§ What to do: The copy should hold exactly the lines below from the one that contains "Monte Chimborazo (6268m), la" through the one that contains "Resumen ondulada. Concepto" and nothing else, so no pictures.

§ Records shown:
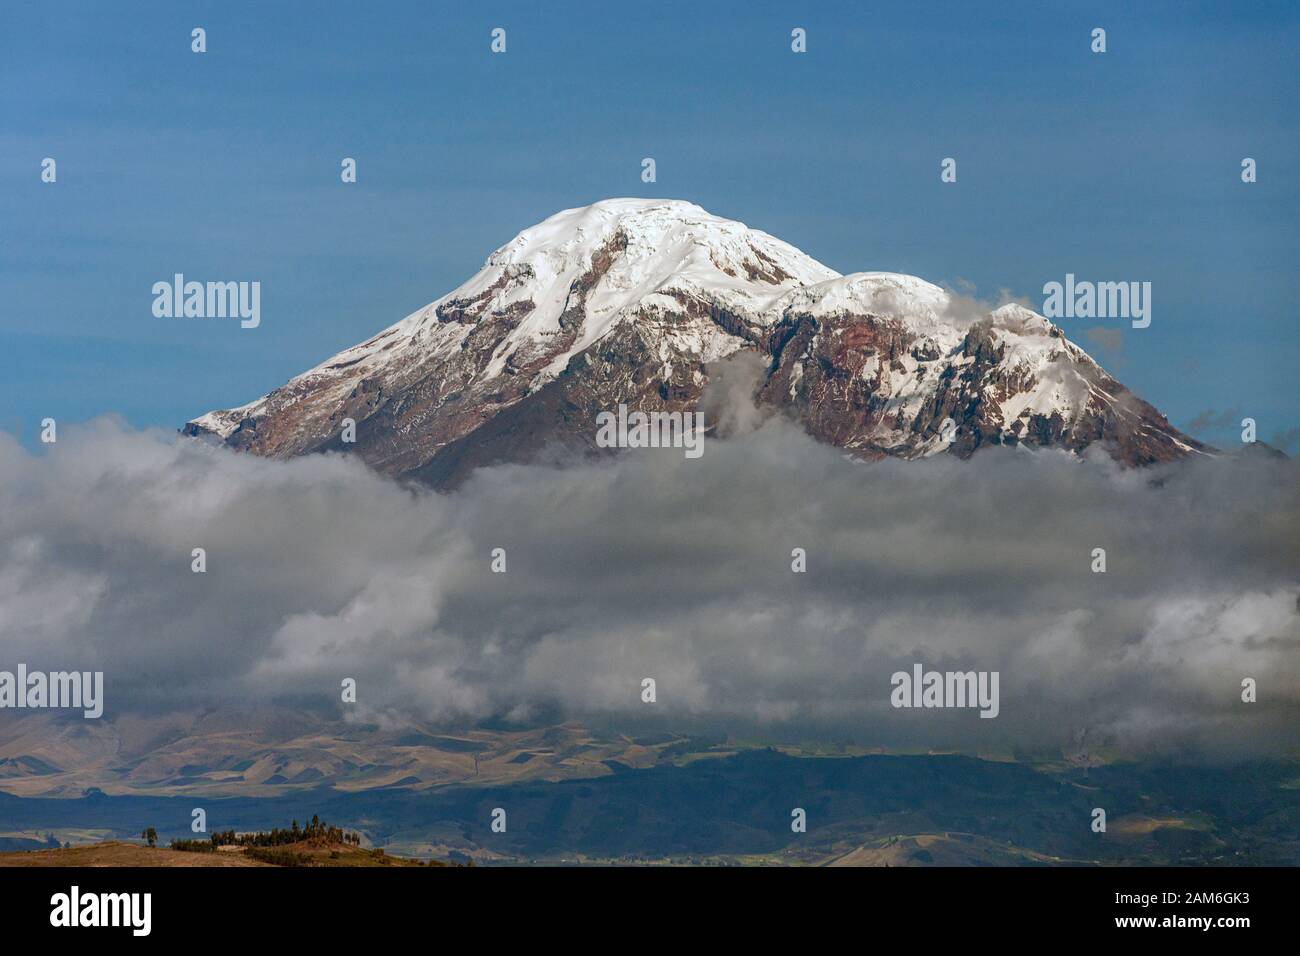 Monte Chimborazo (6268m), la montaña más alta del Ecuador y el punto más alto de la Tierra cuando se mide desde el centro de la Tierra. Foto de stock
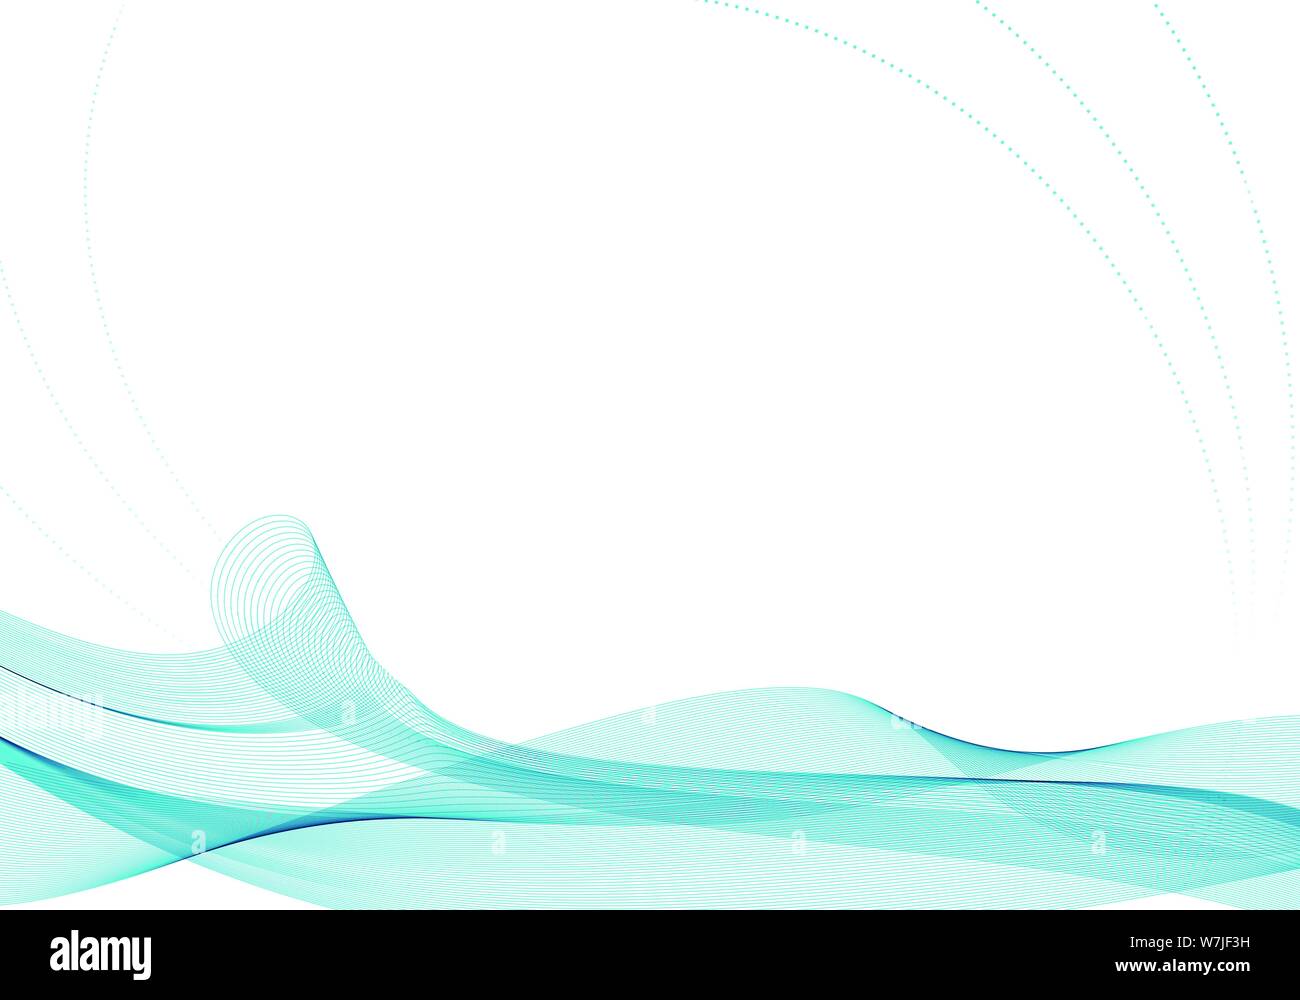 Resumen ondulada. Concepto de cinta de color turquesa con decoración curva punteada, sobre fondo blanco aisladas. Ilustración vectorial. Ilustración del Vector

* * *

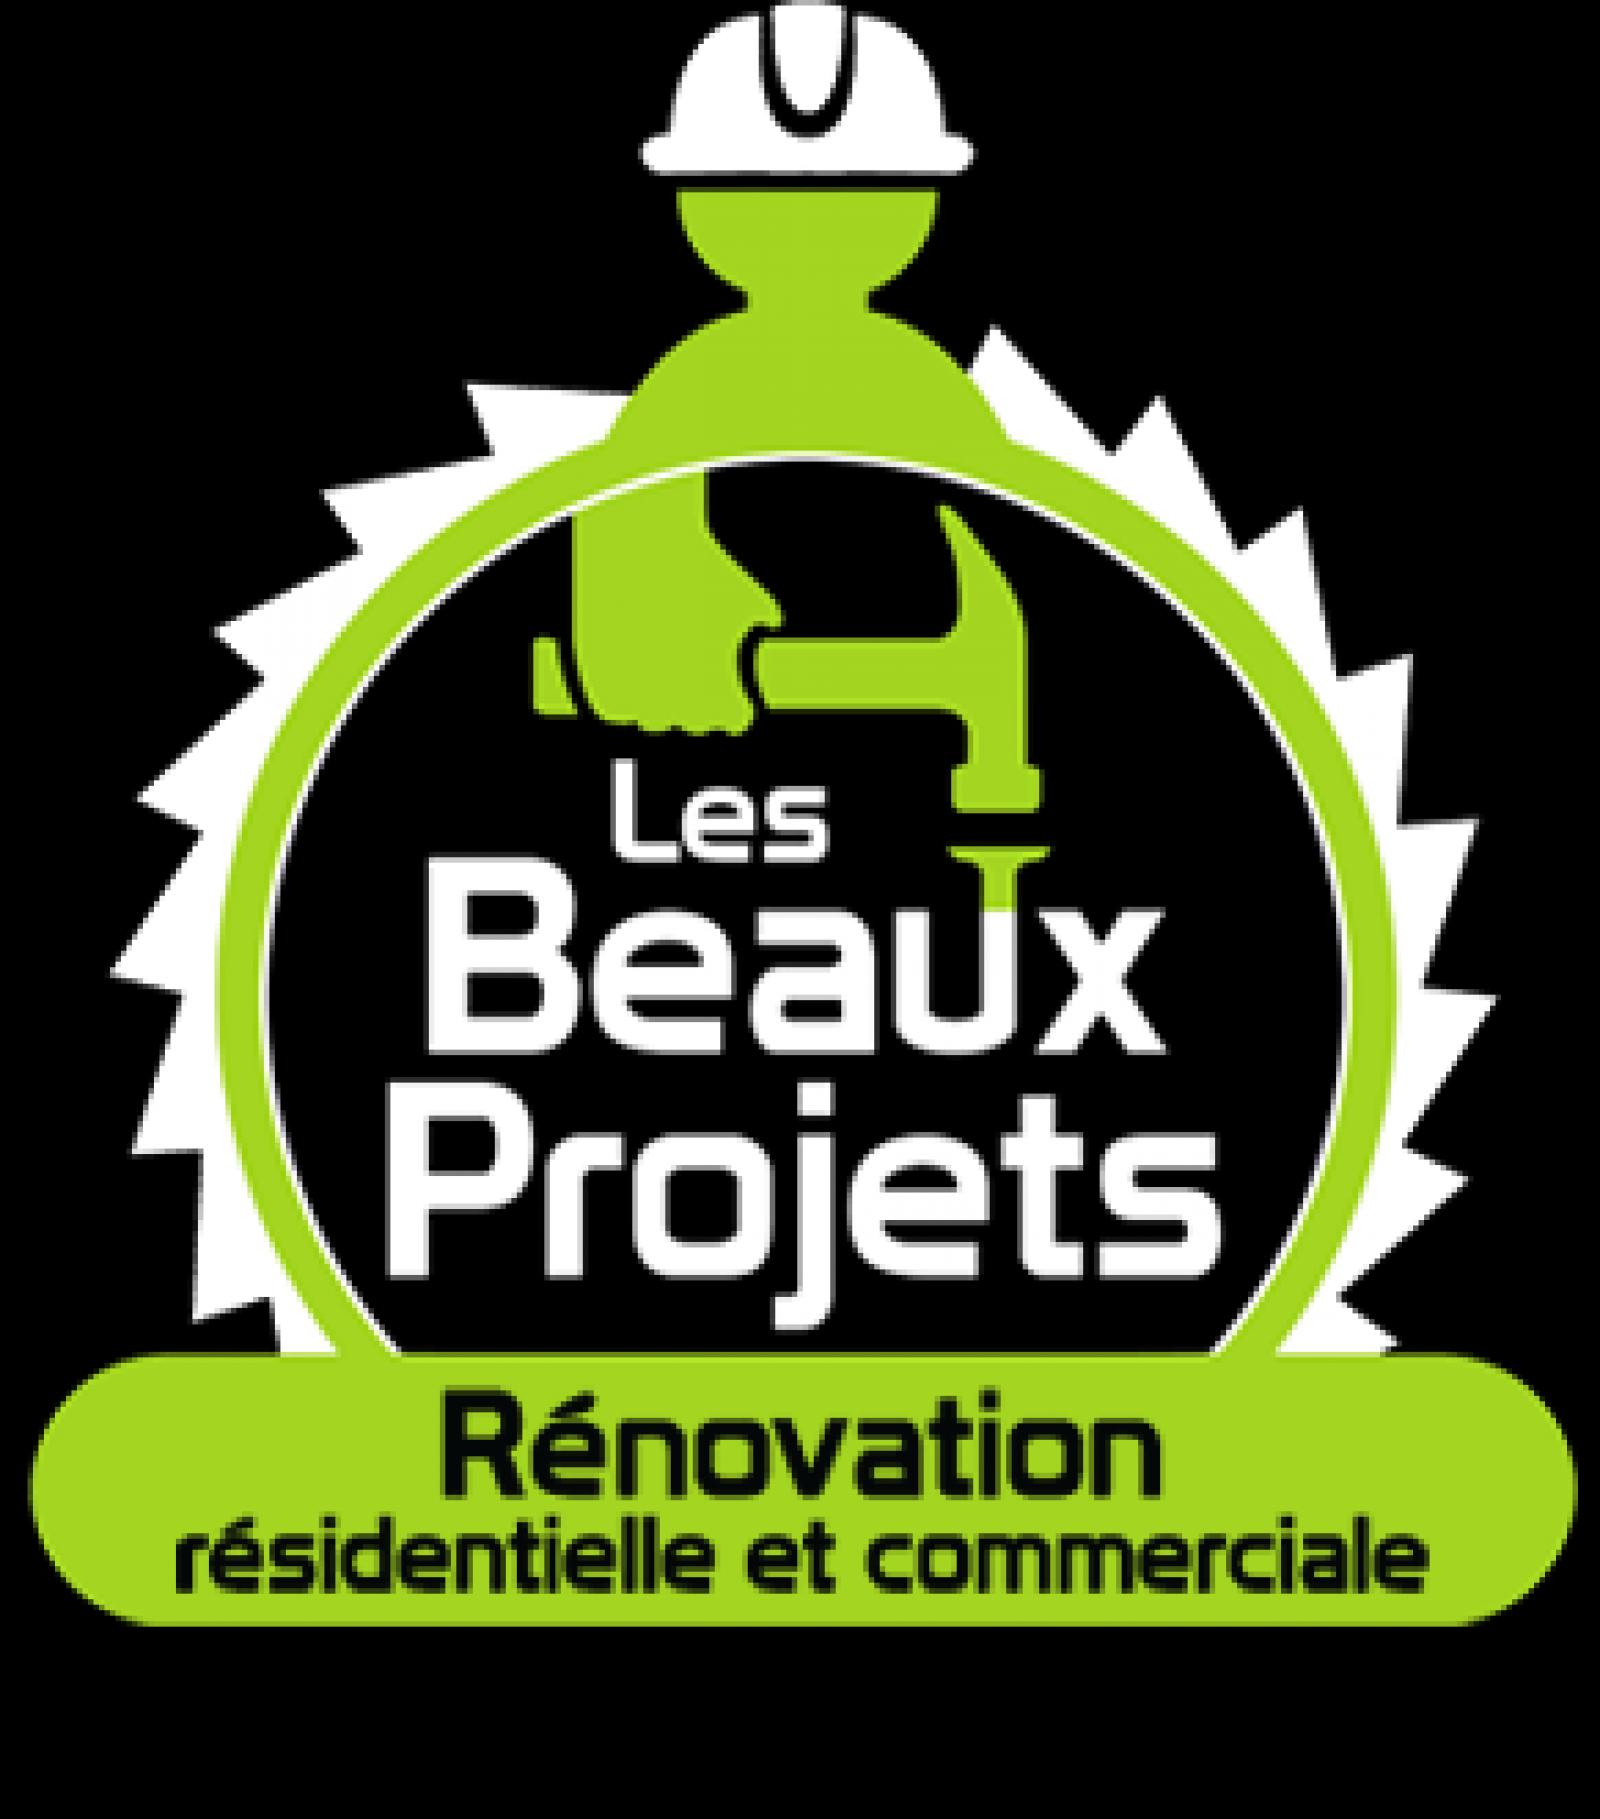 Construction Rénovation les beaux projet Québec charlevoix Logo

§ Your solution:
 Monte Chimborazo (6268m), la montaña más alta del Ecuador y el punto más alto de la Tierra cuando se mide desde el centro de la Tierra. Foto de stock
 Resumen ondulada. Concepto de cinta de color turquesa con decoración curva punteada, sobre fondo blanco aisladas. Ilustración vectorial. Ilustración del Vector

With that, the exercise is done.